Mr. Lidl, thank you for the stack backtrace for the failure
on BSD/OS 4.2.

So the child process crashed while closing fd 7.  Some
observations.

1. It would be nice to find out what fd 7 was.  In particular,
   was it p[0] or p[1] (the pipe)?

2. All the calls made by the child process up to that point
   (dup2, close, and sysconf) were async-signal-safe.  So
   this crash in close() could be a BSD/OS bug.

3. One possible workaround is to comment out the for loop that
   closes all the unnecessary fd's in the child process:
       for (fd = getdtablesize(); --fd > 2; close(fd))
           ;
   This might introduce security vulnerability though.  On the
   other hand, the commands NSS executes, 'ps' and 'netstat',
   are not arbitrary user code, so perhaps this security
   precaution of preventing access to unnecessary fd's is not
   really necessary.
Well, I've spent quite a bit of time dinking around with various test setups
trying to see what works and what doesn't work.  The long and short of it
is that I cannot make the exec() stuff work under BSD/OS, either due to an
error in how fork() is implemented, or some other interaction that I don't
understand.

The traceback that I appended showed the child process, "hung" when attempting
to close fd 7.  "hung" is a bad description -- it was busy flipping between
the threads of the process, because it thought that the close call would block.
But the observant reader will note that this was in the child process, after
the fork.  Why are there multiple threads in the child process after a fork?
There shouldn't be, according the rules of pthreading.  But clearly there
are (see my previous debugger output).

1) I wasn't able to figure out what fd 7 was, I probably could do this
with a little more effort.  But not tonight.

2) As above, it's not a *crash* in close, but rather where the thread
goes into a loop trying to switch to the other threads.
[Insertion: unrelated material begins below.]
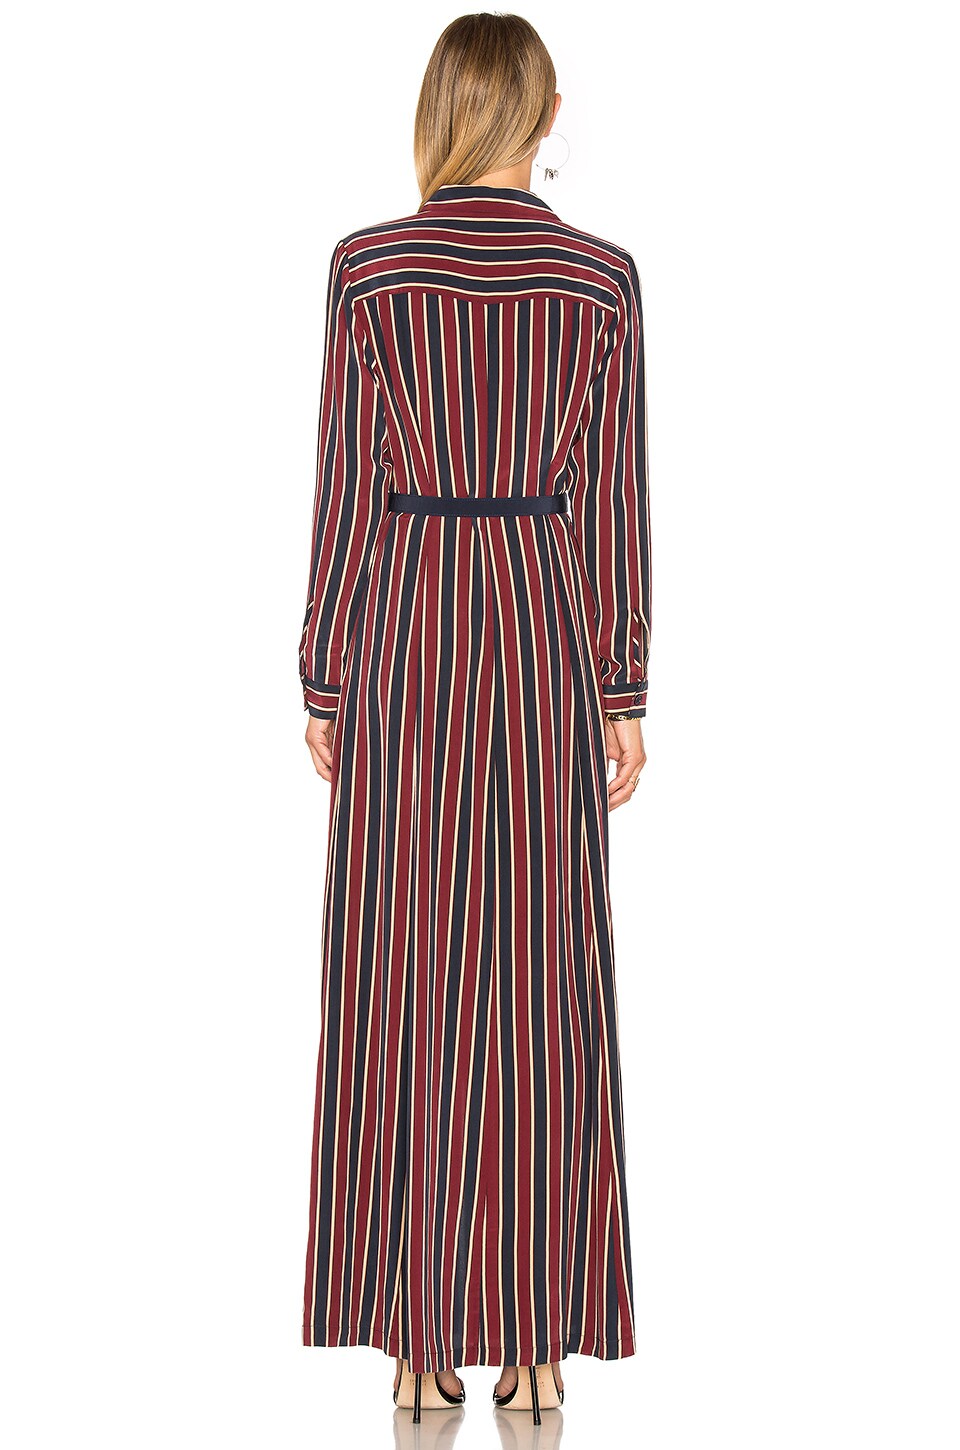 Ganni Donaldson Silk Maxi Dress in Cabernet Stripe | REVOLVE

They don't have
any work to do, so they switch back.  Repeat, lather, rinse.

3) Commenting out the loop that closes the fds of the child process
causes the program to exit with a GDK error.  What is really happening
is the process is getting a SIGPIPE writing to the X11 socket.  The
application is acting as if FD_CLOEXEC is set on all the fds when
the command is run.  Weird.

Modifying the code so that it only closes down to fd 8 gives the same
error.  (SIGPIPE)

Finally, a small modification of changing the exec in the child
process to a call to _exit(0) shows that child process exits cleanly
and the parent process goes happily on its way.  (Except, of course,
that it doesn't get the random data it was looking for.)

So, I'm drawing a blank as to what to test next -- there is definately
something squirrely with the pthreads, fork() and attaching to the
child process under BSD/OS.  I don't know if it is a real problem, or just
something that looks like a problem.  I just don't know.
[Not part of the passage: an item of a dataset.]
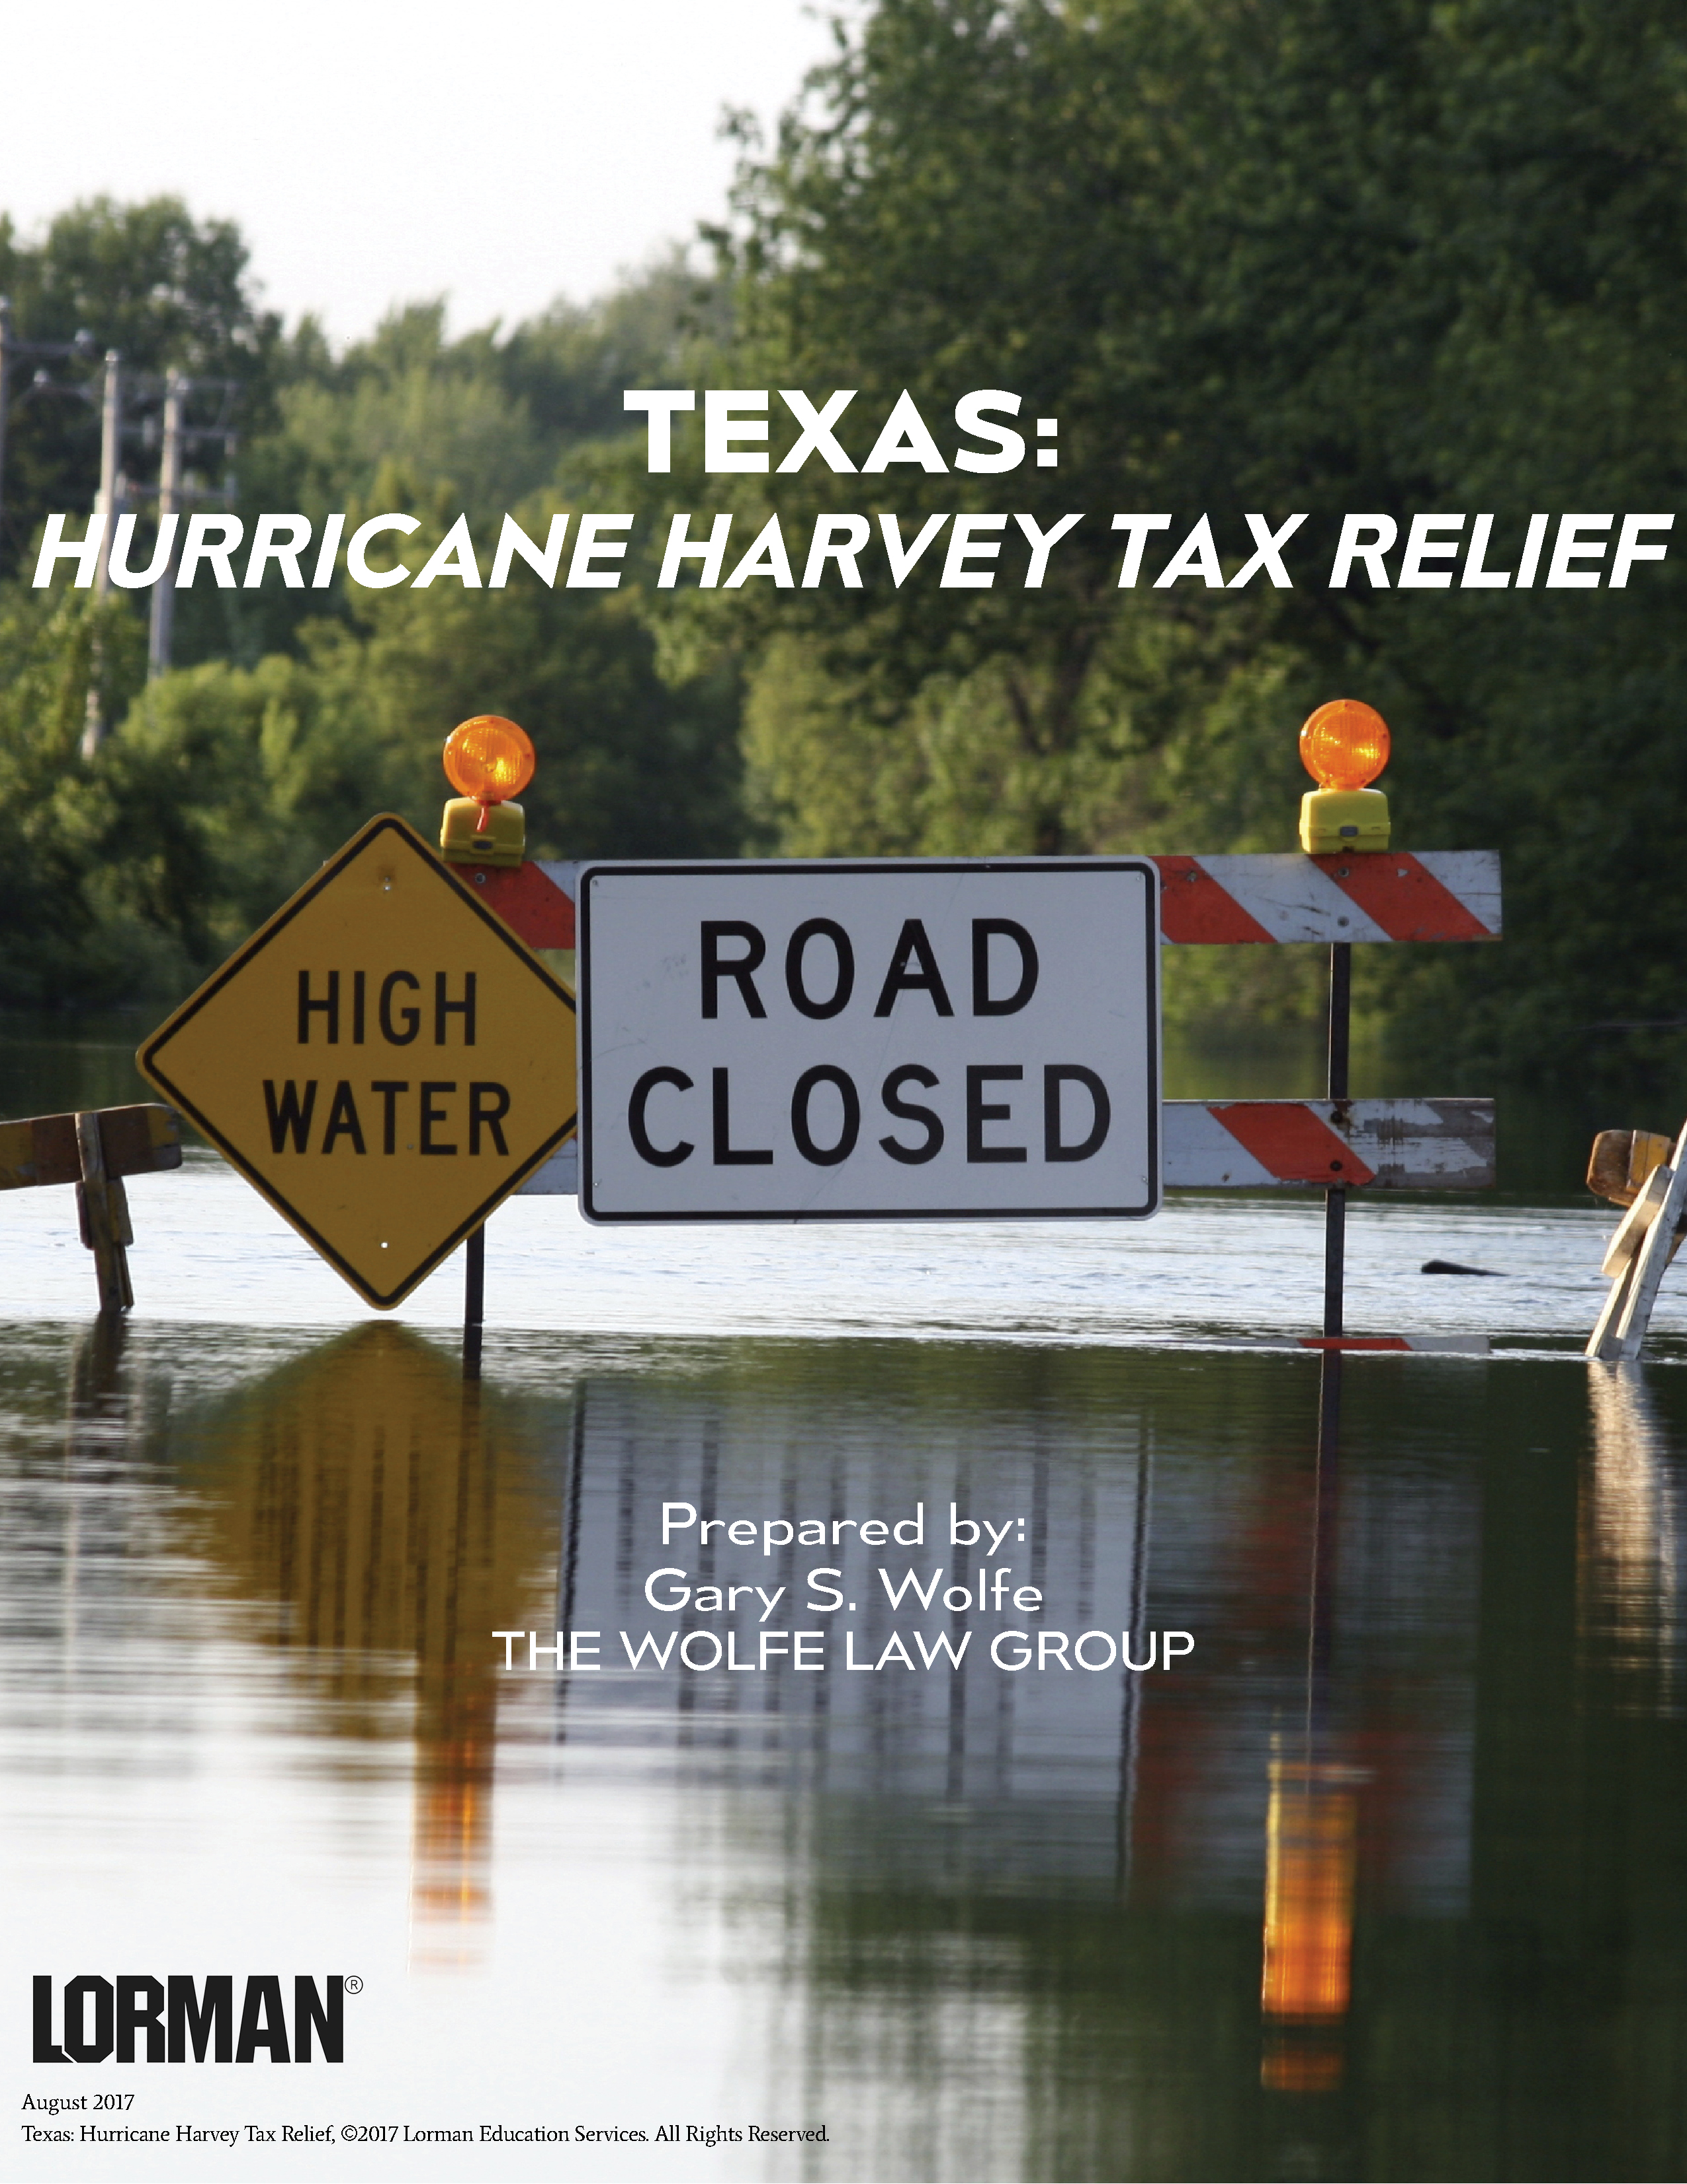 Texas: Hurricane Harvey Tax Relief

Anyhow, I'm going to attach the latest version of my patch, which
has my debugging stuff conditionalized, rolls together my previous
patch, integrates wtc's patch to avoid certain unsafe operations and
disables the safe_popen code for just BSD/OS.

This latest patch is apparently applied to an older version of the sources.
The code on the trunk and the code on the tip of the NSS_3_3_BRANCH
(which which PSM currently takes the sources) already use /dev/urandom.

Perhaps the PSM team has not yet moved the static NSS_CLIENT_TAG forward
to include these recent changes to unix_rand.c, so I'll add some members
of the PSM team to this cc list

I'll attach a patch that builds on the existing code that uses /dev/urandom
and that doesn't call fork on BSDI systems when data is obtained from 
/dev/urandom.
Assignee: nelsonb → wtc
Attached patch patch for NSS_3_3_BRANCH (obsolete) — Splinter Review
This patch applies to the current tip of the NSS_3_3_BRANCH.
It doesn't attempt to fork either PS or netstat on BSDI systems
when it succeeded in getting data from /dev/urandom.
Comment on attachment 58802 [details] [diff] [review]
patch for NSS_3_3_BRANCH

I think

+#if defined(BSDI)
+    if (bytes)
+	return;
+#endif

should simply be

+#if defined(BSDI)
+    return;
+#endif

because we can't call safe_popen() no matter what.  Calling safe_popen() will
not get
us more entropy; instead the child process will crash.
In the absence of both netstat and /dev/urandom input, this function does not 
collect enough entropy to securely seed the PRNG, IMO. So, perhaps NSS
initialization should fail in this case.
Mr. Lidl:

If you comment out the loop that closes the fds of the child process,
is it the parent process or the child process that gets a SIGPIPE
writing to the X11 socket?  It is worrisome that the child process
can't even call exec after we removed all the unsafe functions.  This
seems to mean that a process using pthreads and X11 can't spawn another
process.  Can you have someone at BSDI look at this problem?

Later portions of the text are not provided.